Background information
- Also known as: Marcy Levy
- Born: Marcella Levy June 21, 1952 (age 74) Detroit, Michigan, U.S.
- Genres: Pop; rock; R&B; soul;
- Occupations: Singer; songwriter; musician;
- Instruments: Vocals; guitar; harmonica; tambourine;
- Years active: 1972–present
- Labels: Polydor; Epic; Warner Bros.; London; AAA;
- Member of: Shakespears Sister
- Formerly of: Marcy Levy Band

= Marcella Detroit =

American singer, songwriter, and guitarist (born 1952)

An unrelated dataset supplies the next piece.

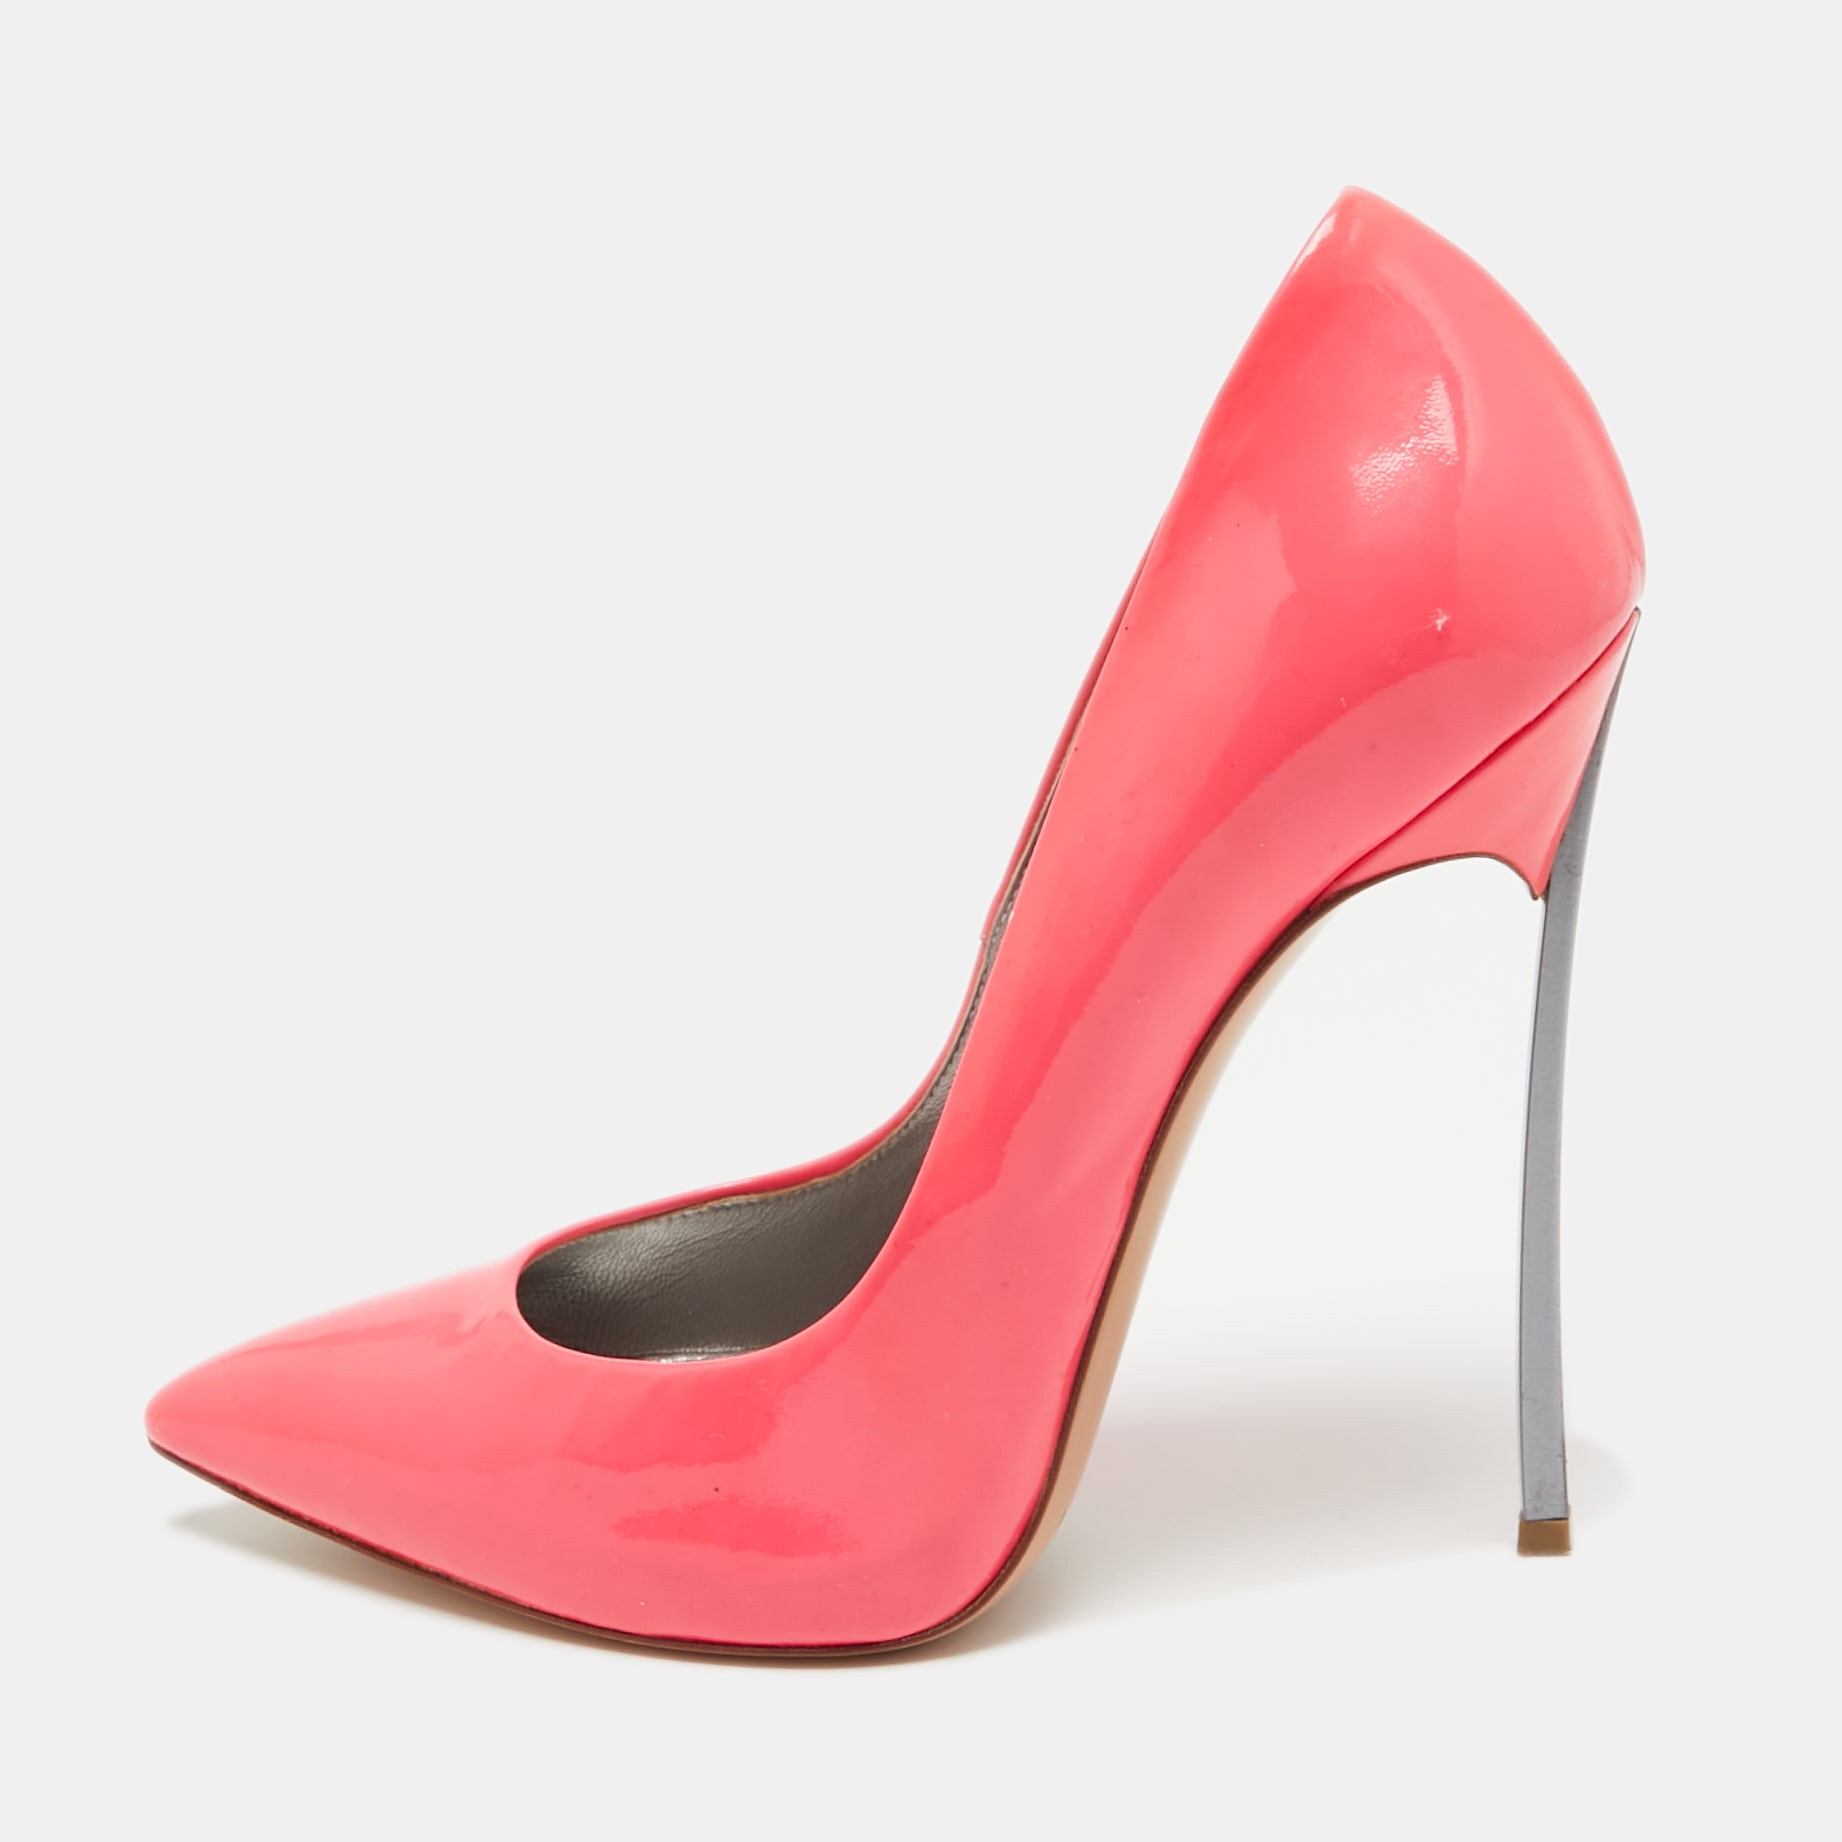 Casadei neon pink patent leather pointed toe pumps size 38

Marcella Levy (born June 21, 1952), known professionally as Marcy Levy and (later in her career) Marcella Detroit, is an American singer, songwriter, and guitarist. She co-wrote the 1977 Eric Clapton hit "Lay Down Sally" and released her debut studio album Marcella in 1982. She joined Shakespears Sister in 1988 with ex-Bananarama member Siobhan Fahey. Their first two studio albums, Sacred Heart (1989) and Hormonally Yours (1992), both reached the top 10 of the UK Albums Chart. Detroit sang the lead vocals on their biggest hit, "Stay", which spent eight consecutive weeks at number one on the UK Singles Chart in 1992. Detroit left the band in 1993 and had a UK top 20 hit with "I Believe" in 1994. She formed the Marcy Levy Band in 2002, and finished third in the 2010 ITV series Popstar to Operastar.

==Career==

===1970–1987: Early career and Marcella===
Detroit-born Marcy Levy began playing for different bands in her home city during the early 1970s. The first major act she worked with was Bob Seger who signed her band "Julia" up to tour with him. She sang backing vocals on his studio album Back in '72 (1973), which was recorded at Leon Russell's Grand Lake studio. Detroit was then asked by Russell to join him on tour, which she later did. After moving to Tulsa, Oklahoma to further pursue her musical career, she and her then-current band were hired by Eric Clapton for touring. She sang backing and group vocals on Clapton's studio album There's One in Every Crowd (1975), and toured and recorded with him for the next four years. While working with Clapton, she sang backing vocals on some of his most enduring songs, including "Lay Down Sally" (which she co-wrote), "Promises", and "Wonderful Tonight". She co-wrote and sang lead vocals on "Roll It" on Clapton's studio album Backless (1978) and dueted with Clapton on "The Core", which she also co-wrote with Clapton. During this period, she began working on her debut solo studio album with producer David Foster in the mid-late 1970s signed to RSO Records. For unknown reasons however, the album was shelved and remained unfinished. Marcy later stopped working with Clapton to focus more on her own solo career, but rejoined him when they performed at Live Aid where she added backing vocals. Whilst working on her debut studio album, she was singing and songwriting for numerous artists including Aretha Franklin, Burt Bacharach, Carole Bayer Sager, Stanley Clarke, Chaka Khan, Belinda Carlisle, and Al Jarreau.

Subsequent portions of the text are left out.